▶ DATA PROVIDED
--- START ---
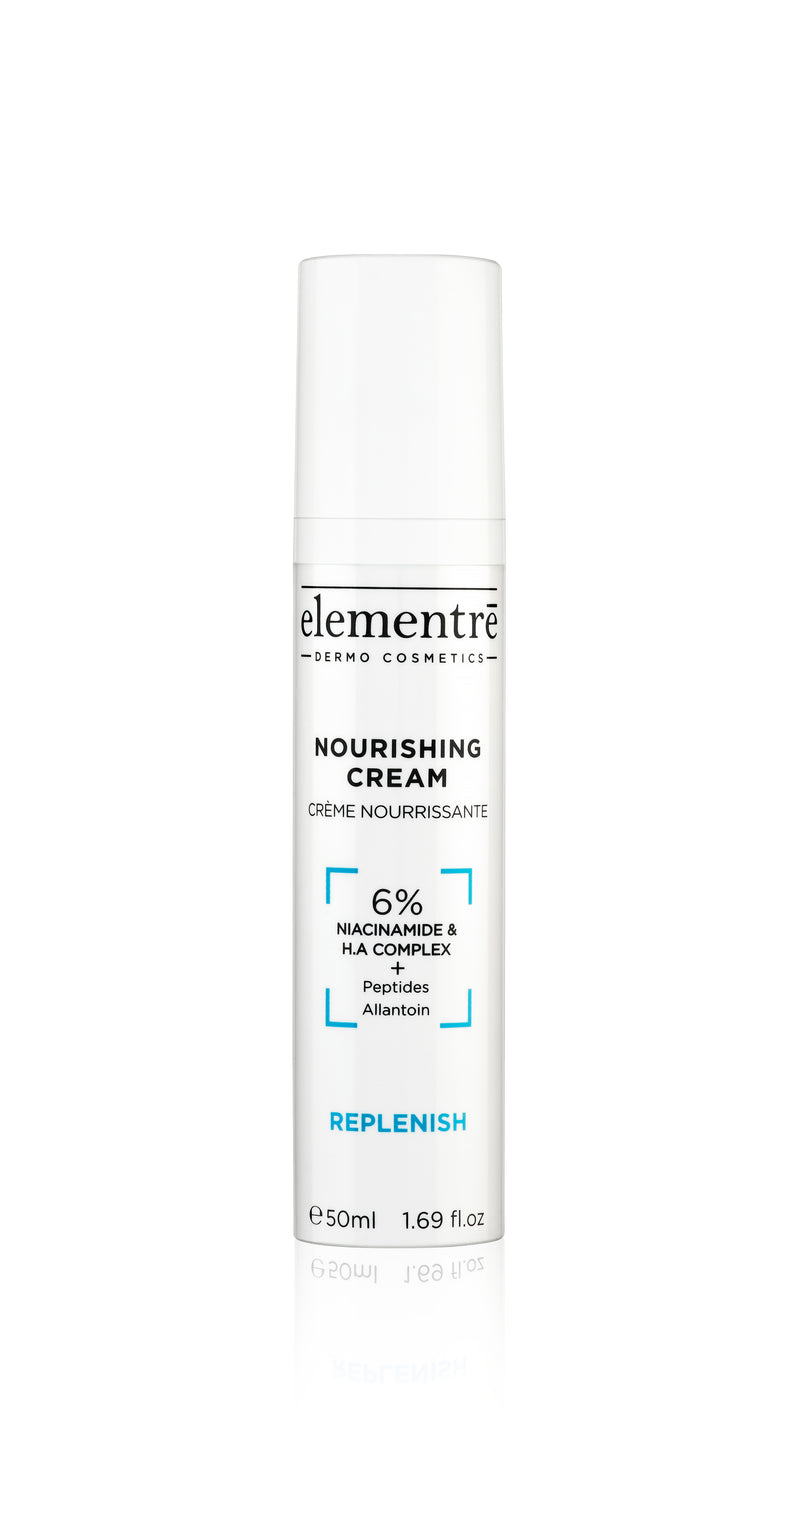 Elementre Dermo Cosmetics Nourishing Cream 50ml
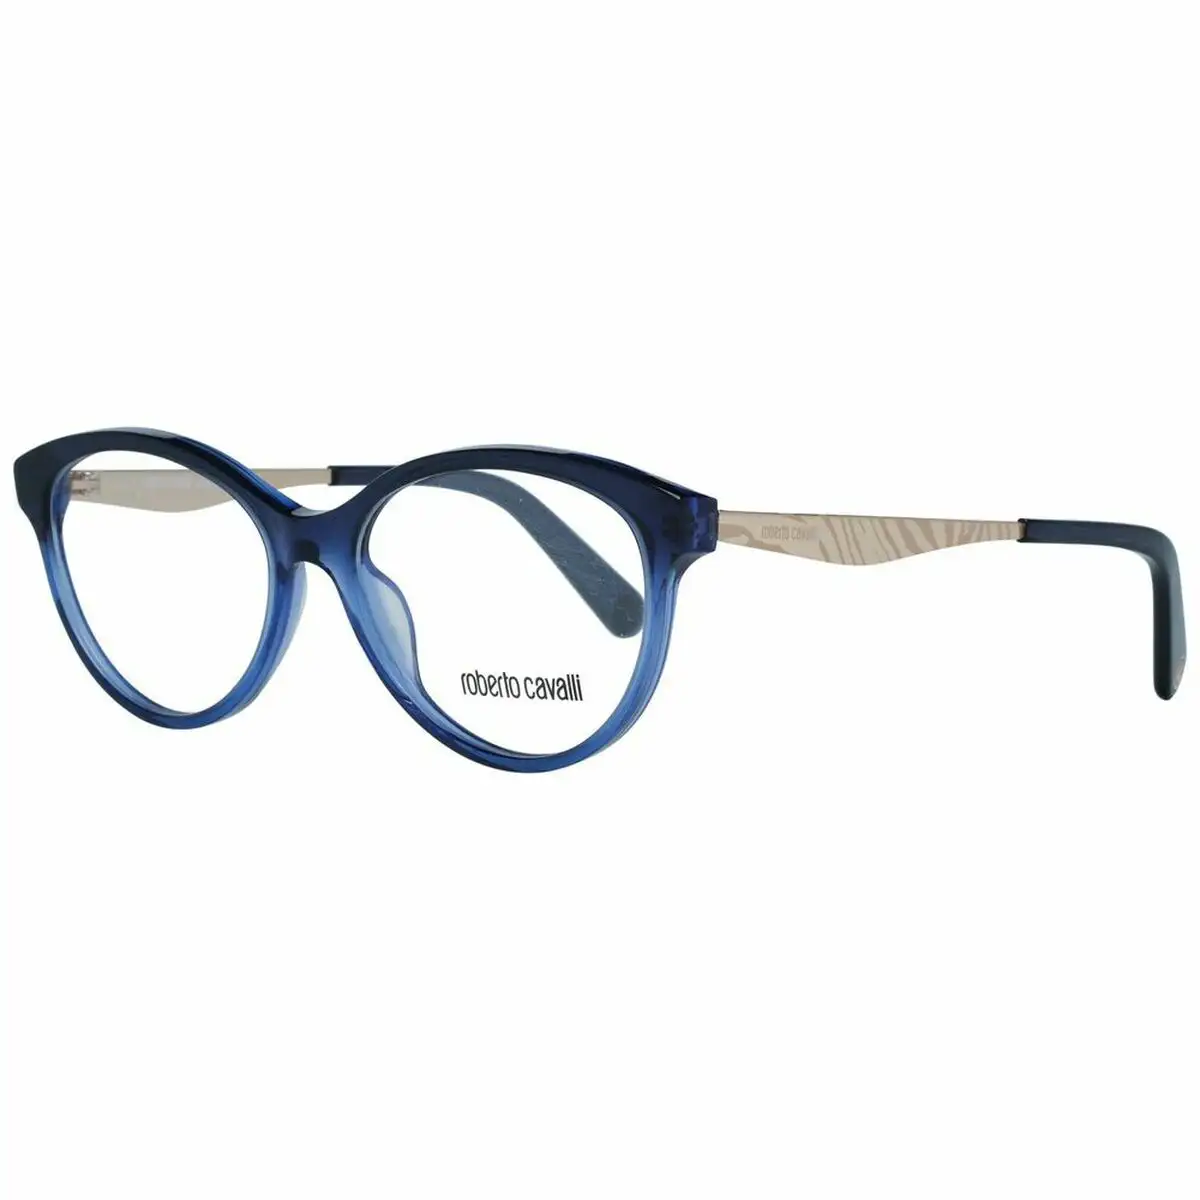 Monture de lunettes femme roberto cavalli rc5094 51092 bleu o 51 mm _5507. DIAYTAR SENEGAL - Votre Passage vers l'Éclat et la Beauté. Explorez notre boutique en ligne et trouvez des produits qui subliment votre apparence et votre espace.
--- END ---
--- START ---
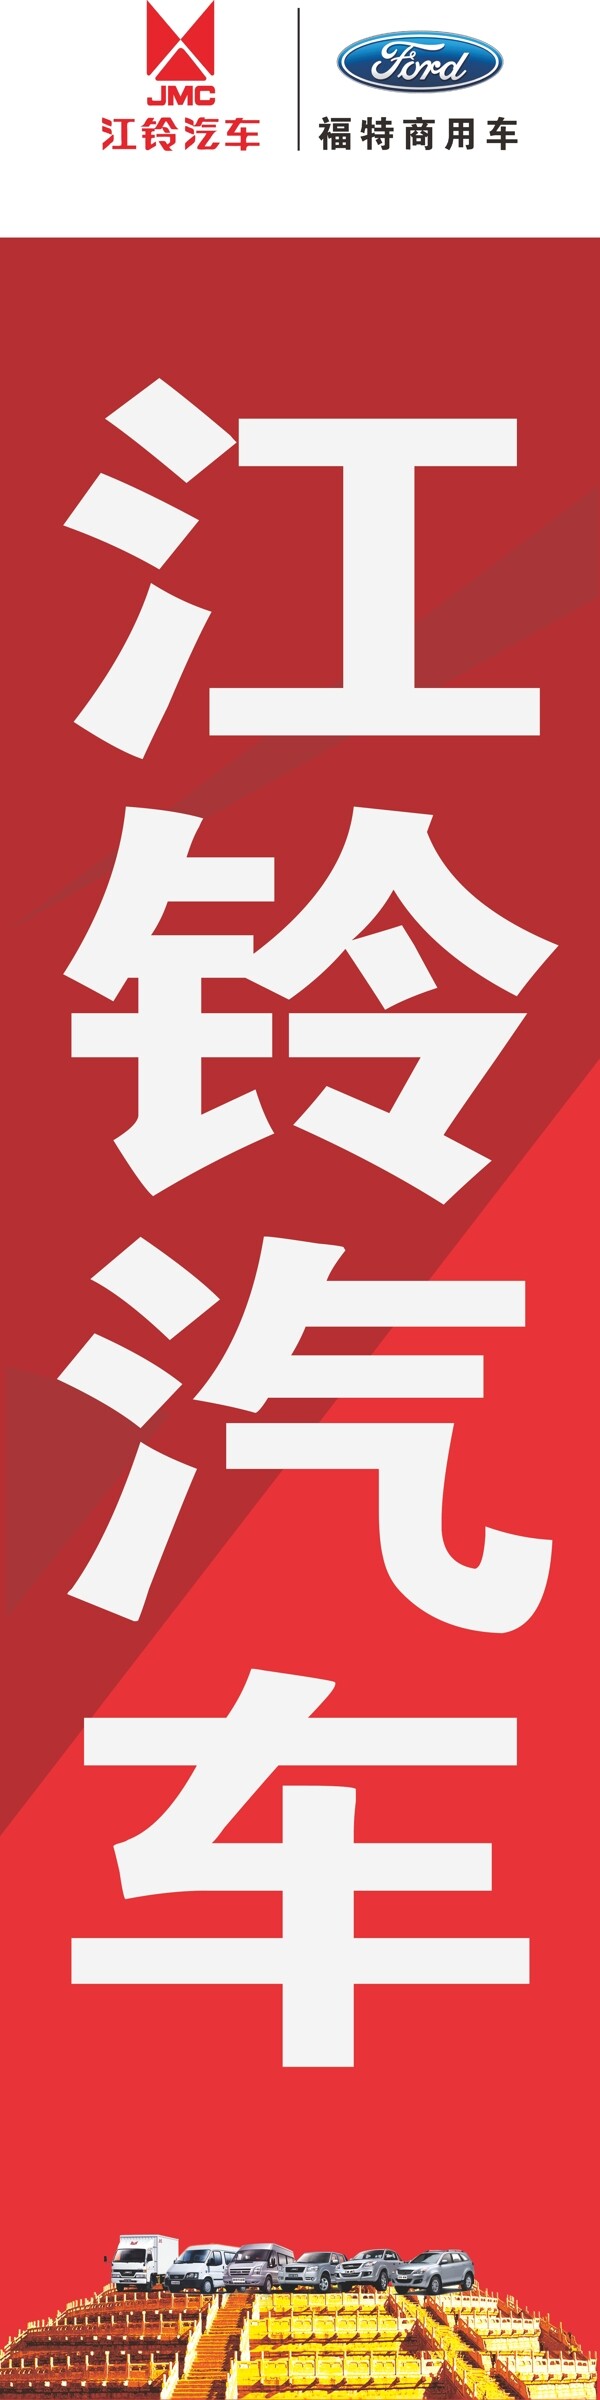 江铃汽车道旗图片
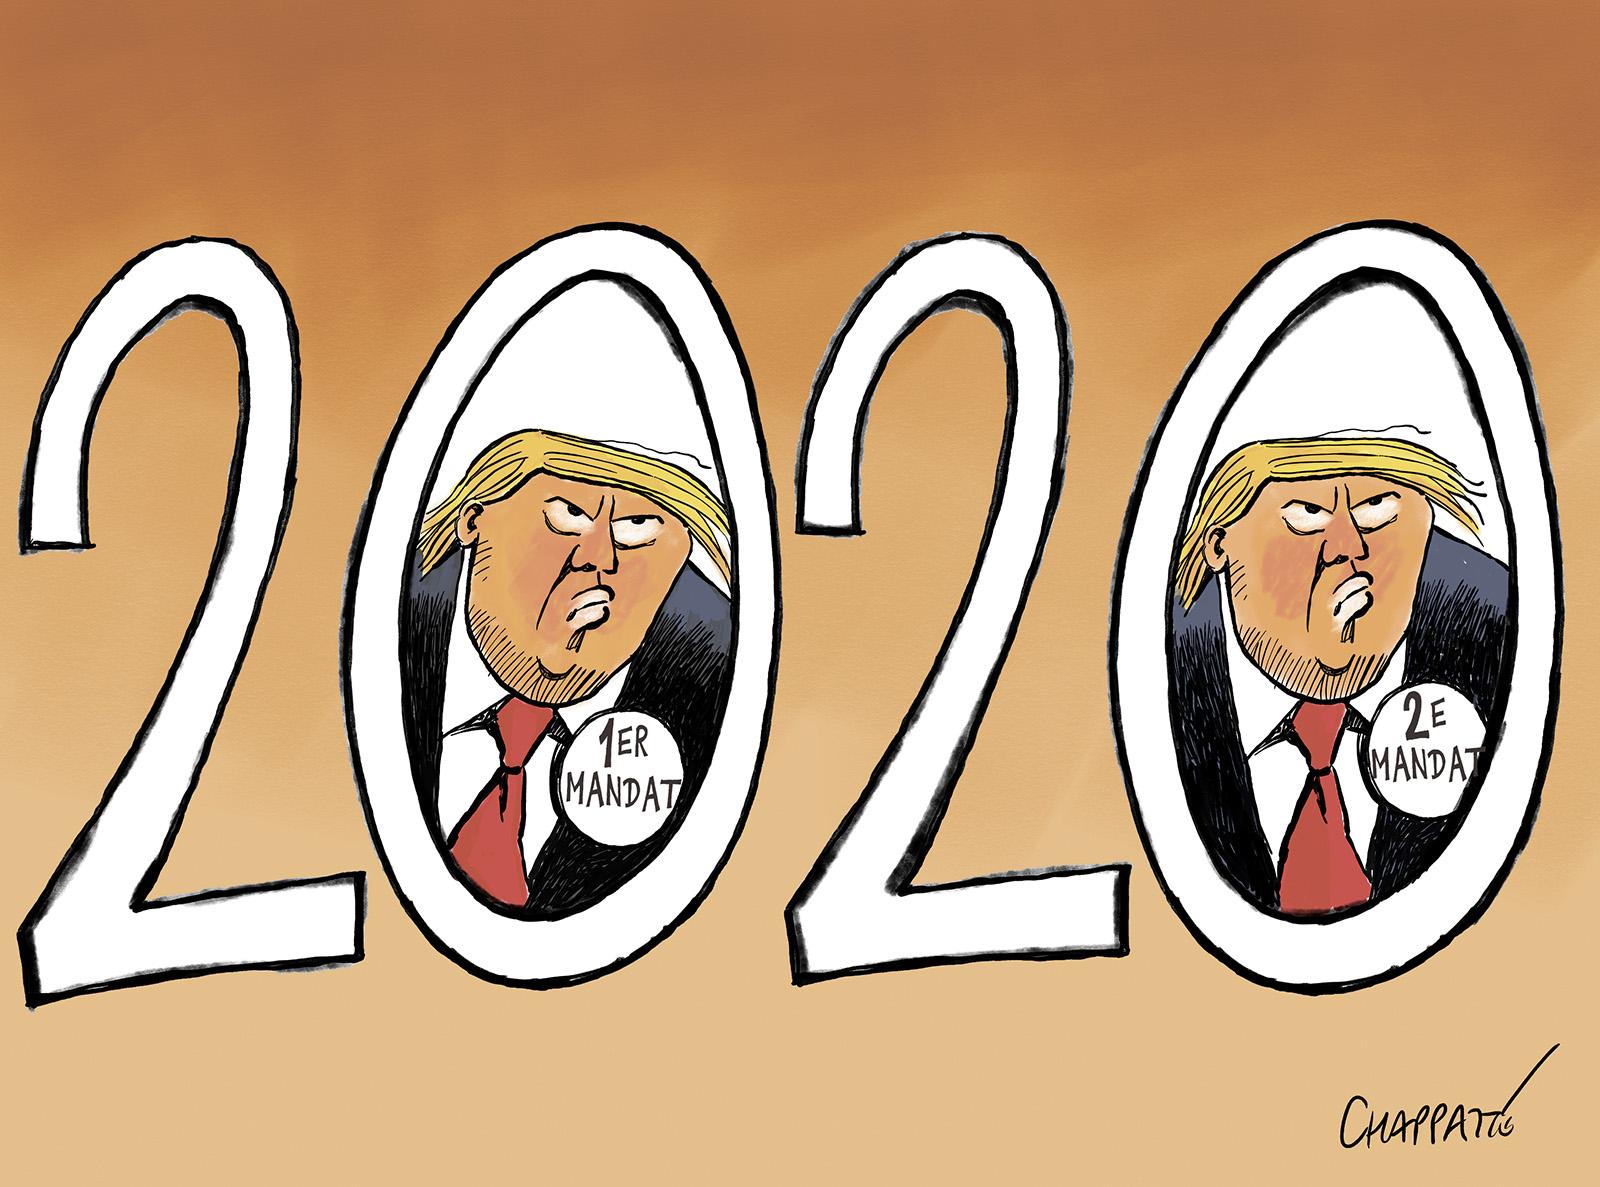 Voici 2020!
--- END ---
▶ EXERCISE
Though the entries above contain pictures, none should be copied; reproduce only the lines between the one holding "Elementre Dermo Cosmetics" and the one holding "Monture de lunettes", inclusive, exactly as written.

▶ ANSWER BELOW
 Elementre Dermo Cosmetics Nourishing Cream 50ml
 Monture de lunettes femme roberto cavalli rc5094 51092 bleu o 51 mm _5507. DIAYTAR SENEGAL - Votre Passage vers l'Éclat et la Beauté. Explorez notre boutique en ligne et trouvez des produits qui subliment votre apparence et votre espace.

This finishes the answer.